A abordagem de análise de conteúdo que realizámos sustentou-se na conceção de uma educação holística sedimentada numa “cultura científica e artística de base humanista”, como referido no Perfil dos Alunos à Saída da Escolaridade Obrigatória3. Essas foram as nossas lentes.

Numa primeira conclusão, podemos afirmar a nossa concordância com os sete objetivos estratégicos globais, sendo que as áreas que abrangem são de diferentes categorias e sua concretização aponta para responsabilidades tanto individuais como, coletivas e partilhadas. Assim, é necessário uma leitura e compreensão articulada e integrada das 50 medidas que se apresentam neste Plano e que se estruturam em três eixos, a saber: 1) ensinar e aprender; 2) apoiar as comunidades educativas e 3) conhecer e avaliar.

Vamos por partes e comecemos pelo início.
O Plano elenca na Introdução as medidas da política educativa dos últimos 5 anos relativamente aos recursos humanos para o trabalho nas escolas e as medidas excecionais que foram tomadas em julho de 2020 e em janeiro e março de 2021 para enfrentar os problemas decorrentes da pandemia, assumindo o governo “a responsabilidade de garantir instrumentos de mitigação das desigualdades bem como de apoio às escolas para a operacionalização desses instrumentos”.

O aglomerar de problemas com os que já vinham do período pré-pandemia e agora ainda mais evidenciados pelo contexto atual, complexificam diagnósticos e a resolução dos mesmos torna-se ainda mais difícil.

As medidas já foram muitas, outras apenas anunciadas, mas para a música na educação ainda mais difícil se tornou a situação, como temos vindo a referir em editoriais anteriores, desde março de 20204.

Do muito que temos lido e estudado sobre os efeitos da pandemia e do confinamento no desenvolvimento das crianças e jovens e nos processos de ensino e aprendizagem, podemos concluir que as dimensões socio-afetivas e emotivas terão sido as mais afetadas, tanto pelo afastamento social exigido, como pela disrupção abrupta da rotina escolar. E essas dimensões são as que mais implicações têm para a regularização dos processos de ensino e aprendizagem, sendo que estão presentes nos objetivos do Plano.

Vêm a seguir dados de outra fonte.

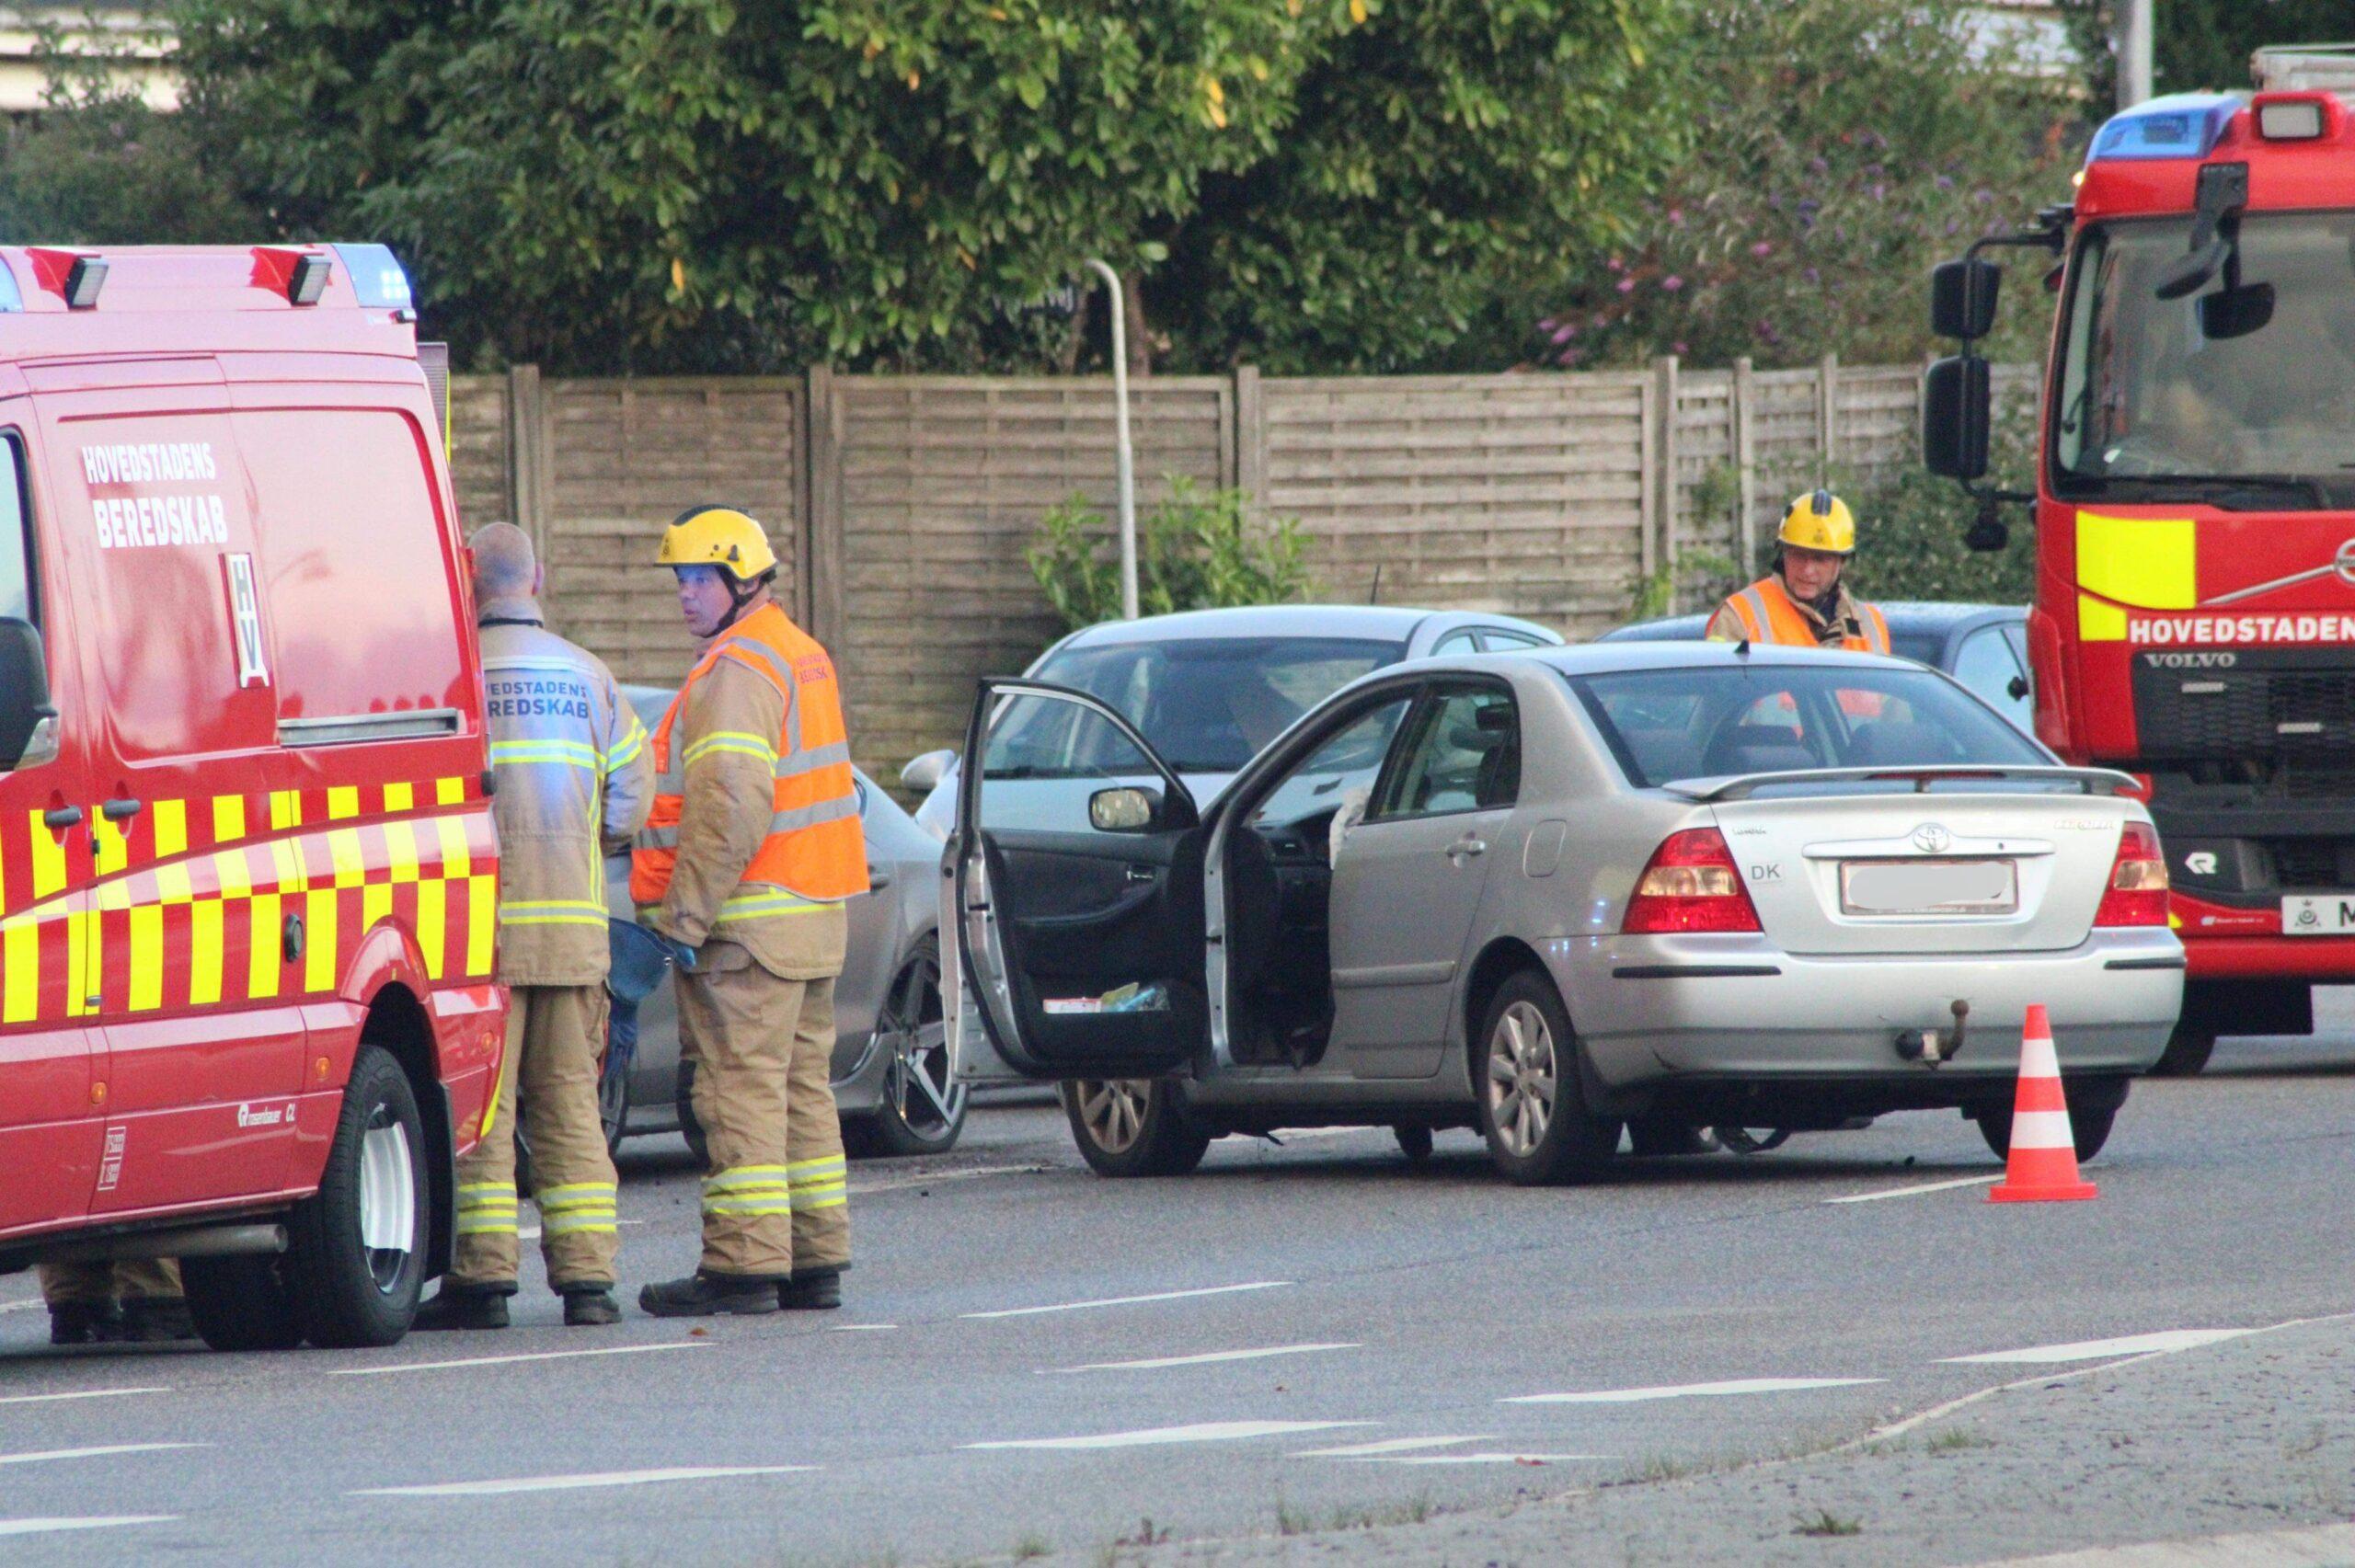 Større færdselsuheld i Glostrup - flere redningskøretøjer fremme

Aliás, logo em março de 2020, referimos as recomendações da UNESCO5 assim que publicadas, sendo a recomendação n.º 4 - a que diz respeito à prevalência dos desafios psicossociais sobre os problemas educacionais - a que agora sublinhamos. E nesta dimensão, o papel da artes, da educação artística e da música em particular, traz um valor acrescido, que reside na própria natureza do conhecimento musical, da sua singularidade no quadro do currículo e o que pode representar esse conhecimento no relacionamento interpessoal, desenvolvimento pessoal e bem-estar das crianças e jovens, para além do seu valor intrínseco.

Não é demais citar Swanwick (1994)6 a este propósito: “O valor musical não pode ser experimentado sem conhecimento direto da música, sem o envolvimento com os elementos interativos dos materiais musicais, o caráter expressivo e a estrutura da música. Por meio desses canais, algo é comunicado, algo é transmitido, e algum resíduo de "significado" é-nos deixado. Quando uma obra de arte mexe connosco, é mais do que simplesmente estimulação sensorial ou algum tipo de bondade emocional. Estamos a ganhar conhecimento e a expandir a nossa experiência”(p.38).

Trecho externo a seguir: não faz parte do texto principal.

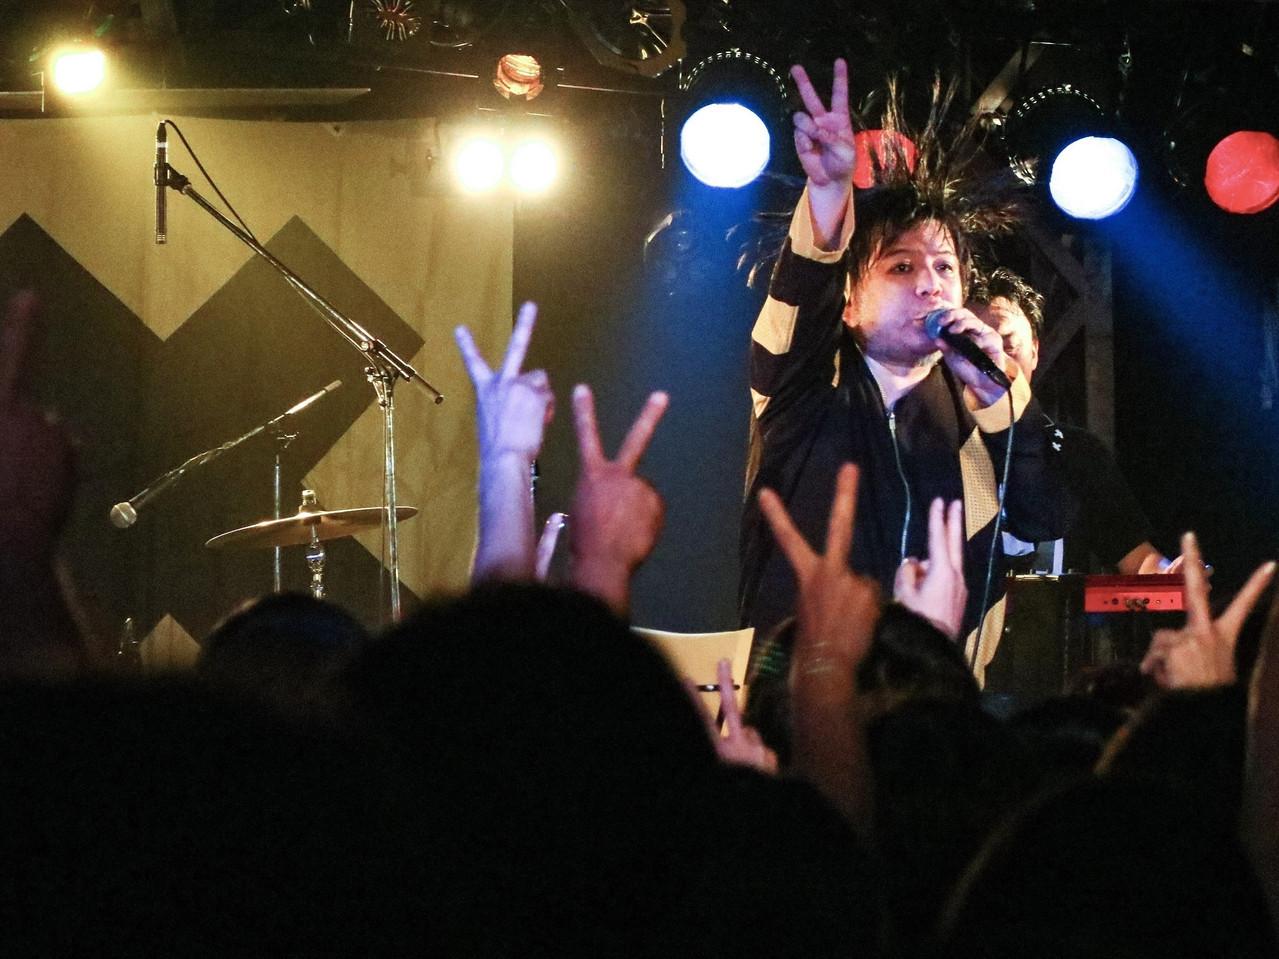 2018.05.26 有頂天・新宿ロフト

E tudo isto foi praticamente perdido durante a pandemia. As limitações das experiências musicais foram imensas não obstante a reinvenção de práticas artísticas e musicais que se fizeram nas escolas através da utilização de diversos meios tecnológicos.

Da leitura das 50 medidas do três eixos enunciados no Plano retiramos apenas duas referências explícitas às artes e à educação artística, no Eixo 1, e que transcrevemos:

Eixo 1: ensinar e aprender

+ Recursos Educativos,

  • Recuperar com Artes e Humanidades - Desenvolvimento de um repertório de iniciativas, sob coordenação do Plano Nacional das Artes, integrando recursos específicos para recuperação e integração curricular

+ Inclusão e bem-estar

  • Conjunto de iniciativas e recursos para a promoção da criação artística e fruição estética e cultural (“O quarto período”);

Relativamente aos recursos educativos, a referência ao desenvolvimento de um repertório de iniciativas coordenadas pelo Plano Nacional das Artes (PNA)7, temos vindo a acompanhar o interesse crescente das escolas pelas iniciativas do PNA já levadas a cabo e o apoio que esta estrutura tem dado à construção de Projetos Culturais das Escolas.

Ficamos preocupados com a outra grande maioria de Escolas/ Agrupamentos que não se manifesta, não procura apoio ou mesmo não consegue ainda trabalhar a dimensão cultural e artística do seu próprio projeto educativo.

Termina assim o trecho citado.